Au mois d’avril, Eva a passé ses diplômes de chimie et elle a été embauchée au bureau des recherches de la Bayrische Stickstoffwerke, une fabrique d’engrais appliquant les découvertes de Fritz Haber. Le chef du personnel la fit venir et lui dit « mettez votre statut de demie-juive sous votre chapeau, vous le connaissez, je le connais. C’est tout et le jour où quelqu’un le découvre, prévenez-moi. »
Les lois de Nuremberg interdisaient aux juifs de se marier avec des aryens. Quant aux demi-juifs (mischling), ils ne pouvaient se marier ni avec des juifs, ni avec des aryens. Eva en tira la conclusion qu’elle n’avait pas de projets à faire dans ce domaine mais cela ne ‘empêcha pas de tomber amoureuse d’un certain Herbert – mon père. Ce soldat qui travaillait au quartier général avait de son côté été impressionné par une conférence d’Eva dans le groupe des Quakers sur l’honnêteté où elle avait affirmé vouloir toujours rester honnête.

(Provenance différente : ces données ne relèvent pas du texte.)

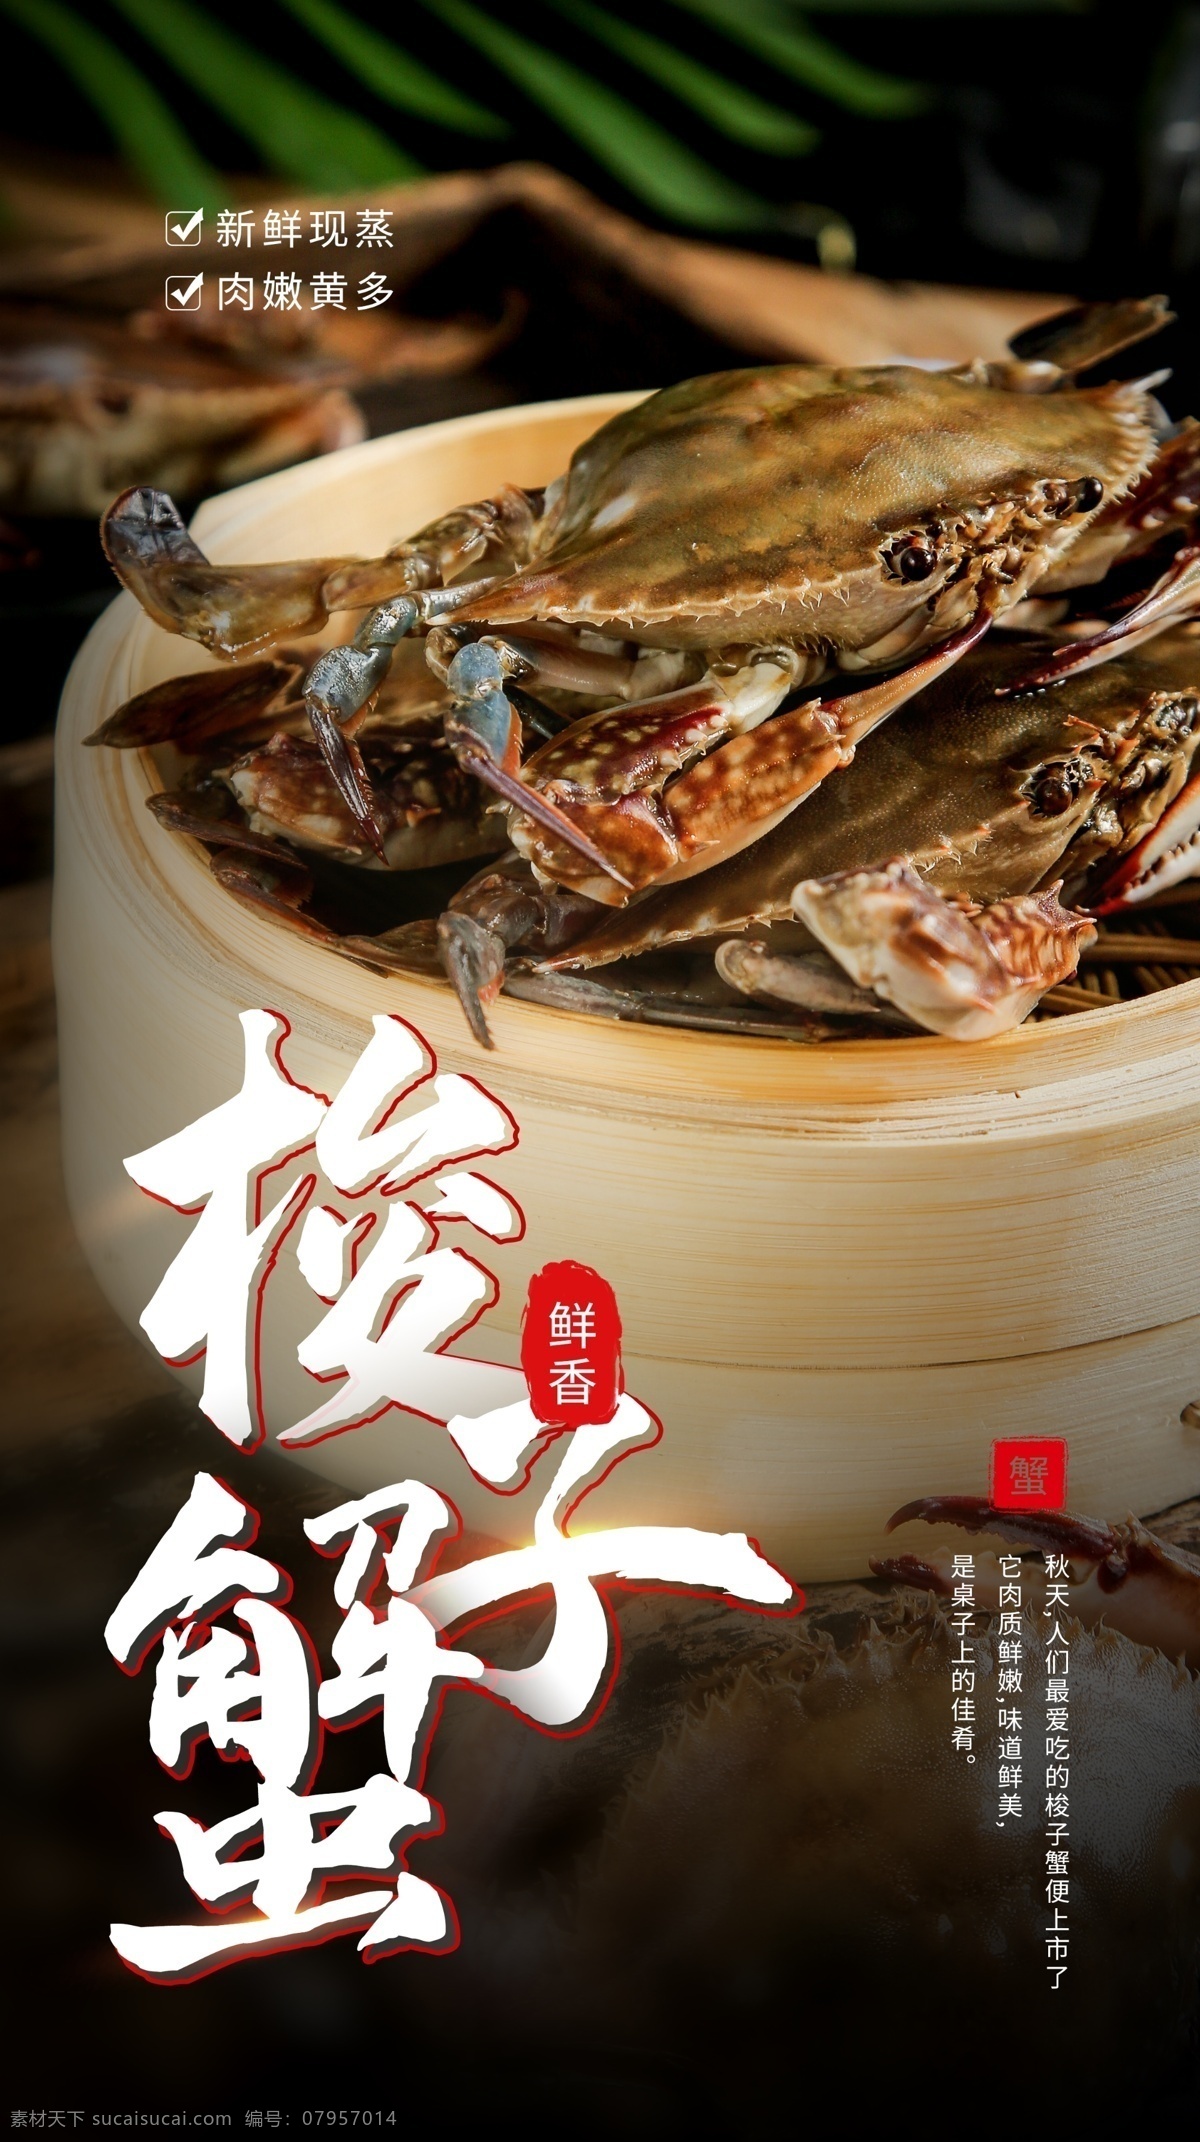 梭子蟹 美食 食 材 活动 海报 素材图片 食材 餐饮美食 类

Dans le récit qu’elle fait des activités antinazies d’Herbert, il y a de nombreuses inexactitudes qui soulignent les limites de la mémoire quand il s’agit de reconstituer un passé vieux de cinquante ans. Mais, comme je l’ai déjà souligné, elle évoque par contre des points qui, eux, avaient été oubliés par mon père et en particulier sa diffusion du témoignage d’un peintre – von Volkhammer – sur la Shoah par balles et les Einsatzgruppen. Ce point n’étant pas apparu dans son procès, mon père avait fini par l’oublier.

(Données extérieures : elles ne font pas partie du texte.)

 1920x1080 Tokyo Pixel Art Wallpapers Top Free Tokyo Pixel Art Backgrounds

Eva s’était liée avec un groupe d’anthroposophes partageant les idées de Rudolf Steiner et résolument antinazis. L’un d’eux vint même à ce titre en aide au couple de résistants Schultze-Boysen, informateurs de l’Orchestre rouge.

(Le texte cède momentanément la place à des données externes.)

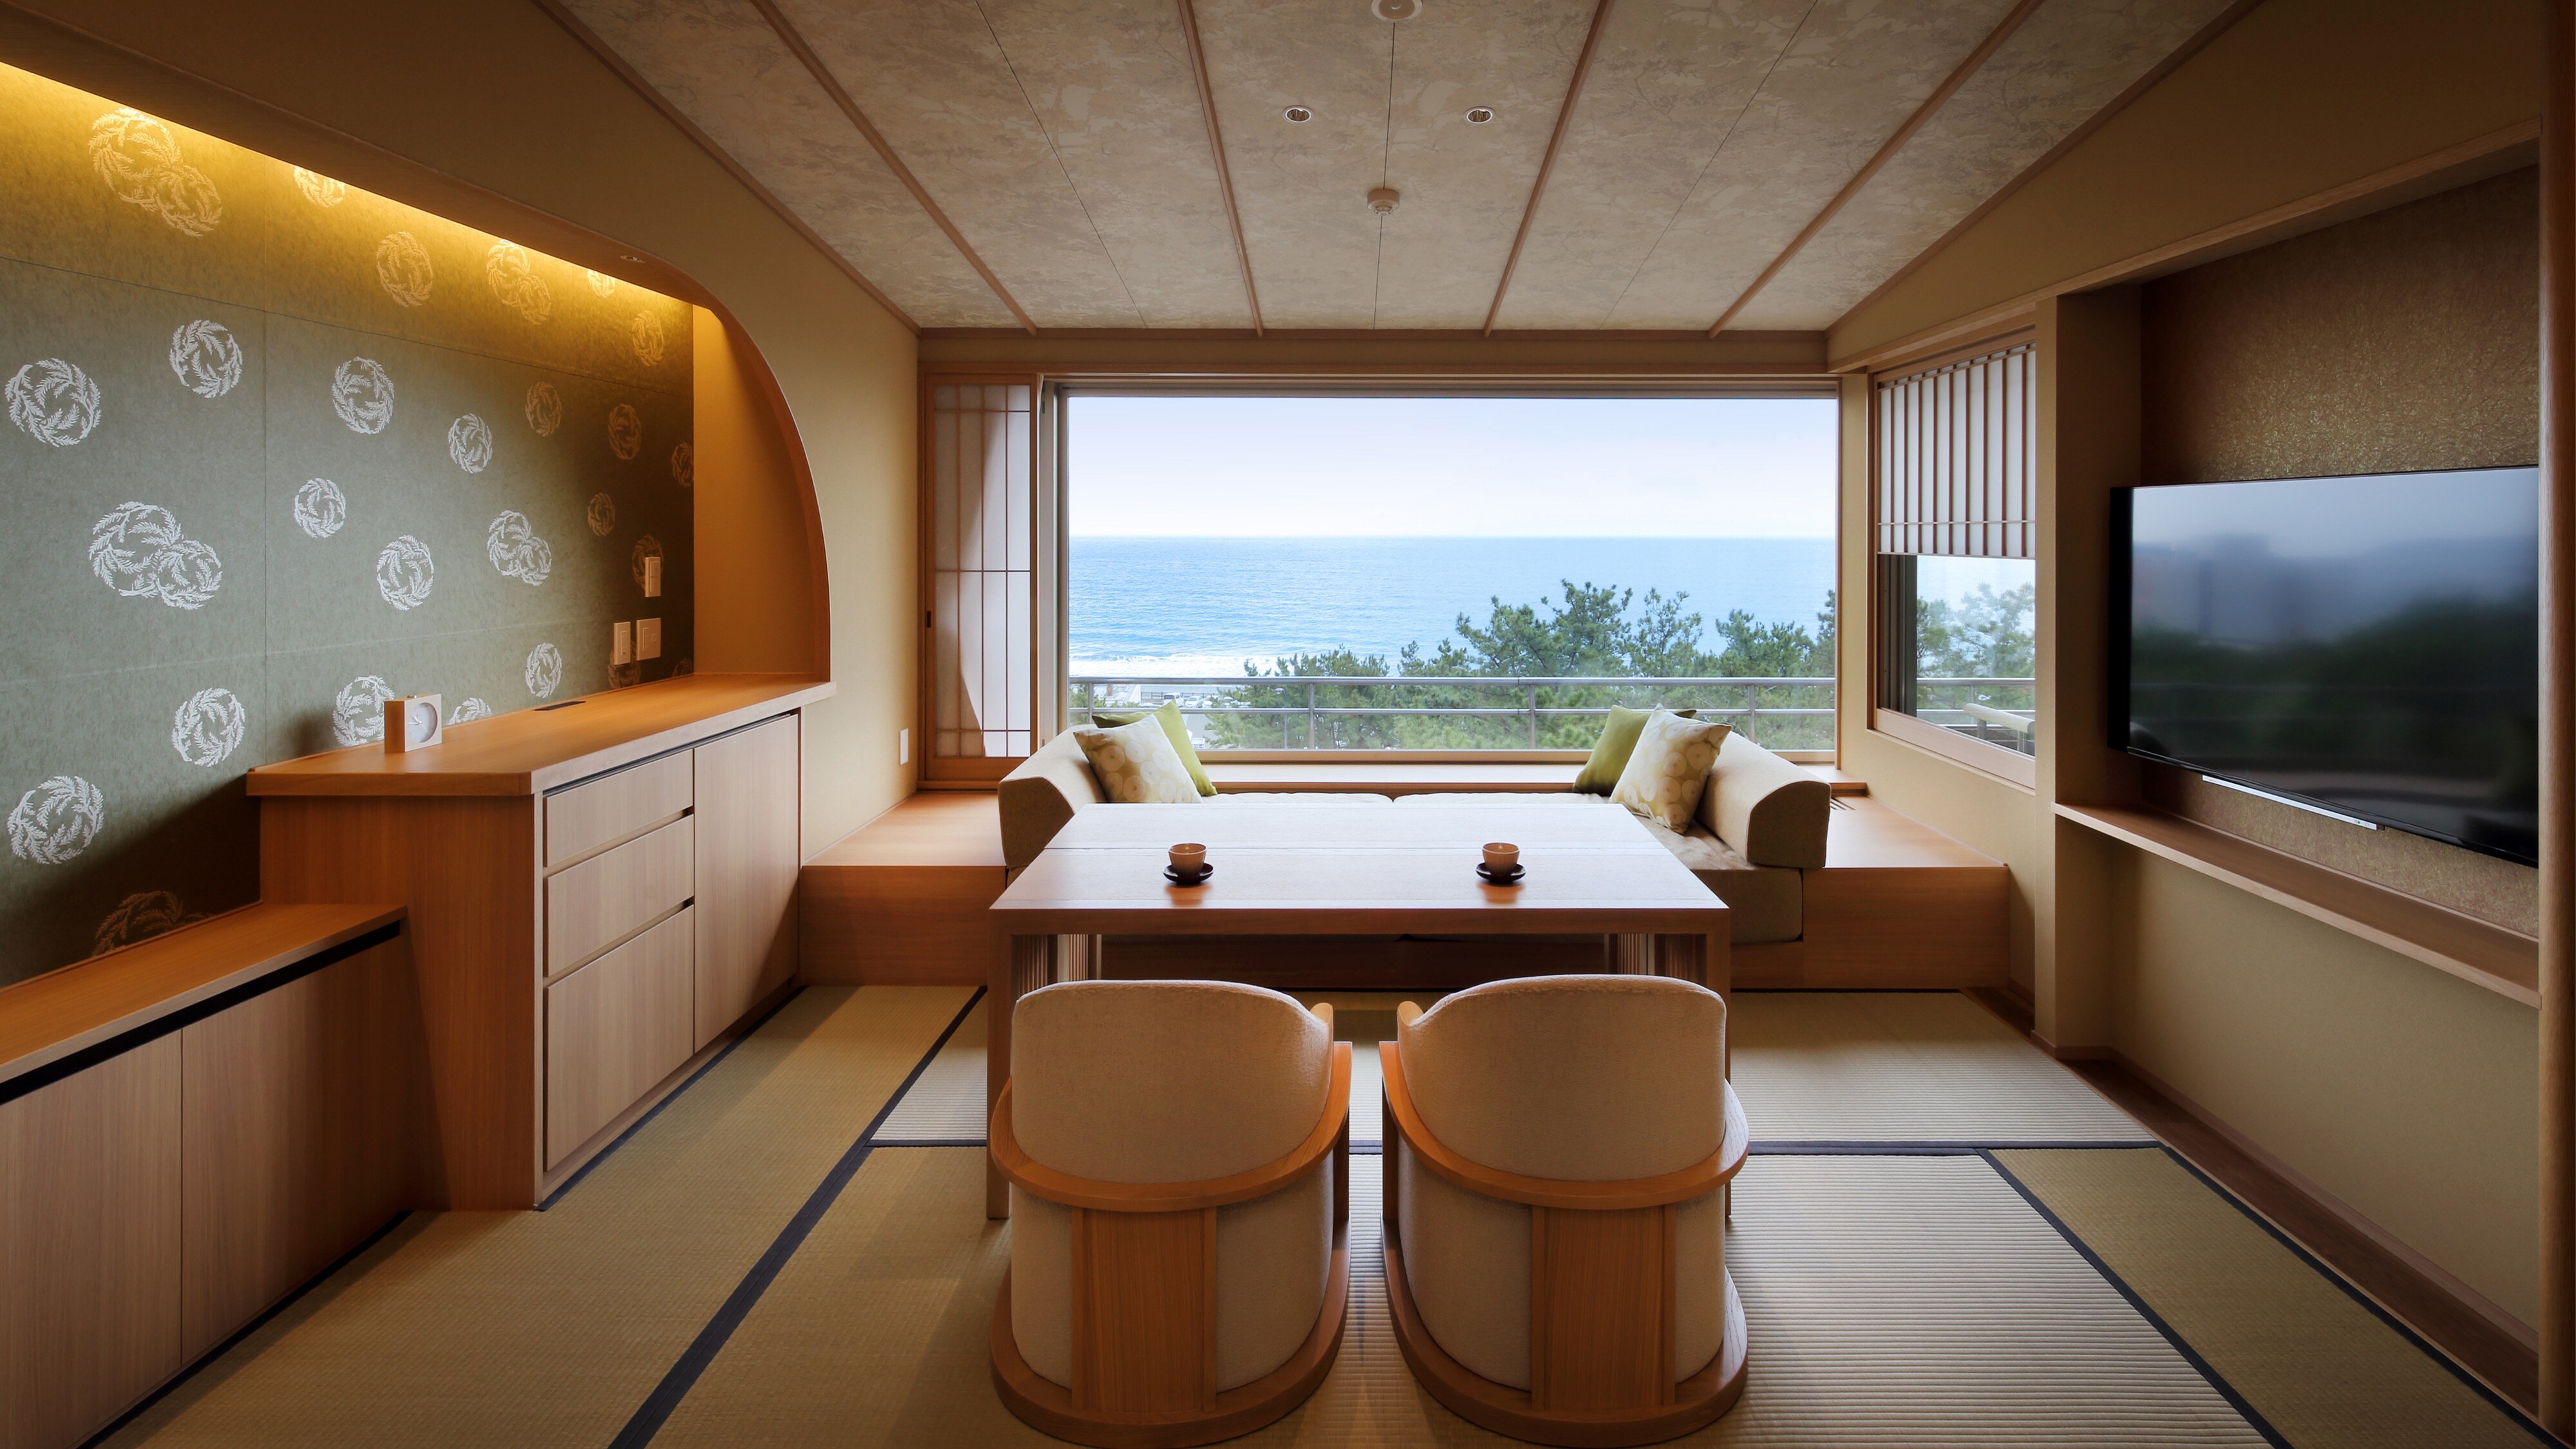 新：日西式温泉半露天房间（餐厅+ TW 床）[6F]（窗边餐厅类型图像）

Eva devint amie avec une jeune fille, Ruth Lilienthal, dont le père était juif et la mère aryenne et qui, à ce titre, devait, elle porter l’étoile jaune et qui voyait chaque jour l’étau de la mort se resserer sur elle. Eva en parla à ses amis anthroposophes et leur « chef-gourou », Rudolf, décida immédiatement d’agir. Il décida de la cacher dans l’appartement où il vivait avec sa jeune femme et ses deux enfants et le reste du groupe se chargea de trouver la nourriture et les tickets de rationnement (mon père se chargeant de plus de déclarer à la police qu’elle s’était suicidée pour faire cesser les recherches). Mais Rudolf fut bientôt envoyé au front et sa femme et ses enfants évacués à cause des bombardements. Restée seule, Ruth tomba malade et dut être transférée d’urgence chez un autre couple. Bientôt, il fut décidé qu’elle irait rejoindre la femme de Rudolf et les enfants à Bückeburg. C’est Eva qui l’accompagna dans le train. Ruth avait enlevé son étoile mais n’en présentait pas moins quelques caractéristiques très « juives » et elle se terra dans un coin de compartiment. Eva était dans le couloir et venait de jeter son chewing-gum quand une main s’abattit sur son épaule et une voix retentit : « Vous êtes en état d’arrestation ! ». C’était SS qui ajouta aussitôt : vous venez de jeter un chewing-gum… ». Il signifia bien vite à Eva qu’elle était la parfaite aryenne avec ses beaux cheveux blonds… Ce n’était qu’un vulgaire dragueur !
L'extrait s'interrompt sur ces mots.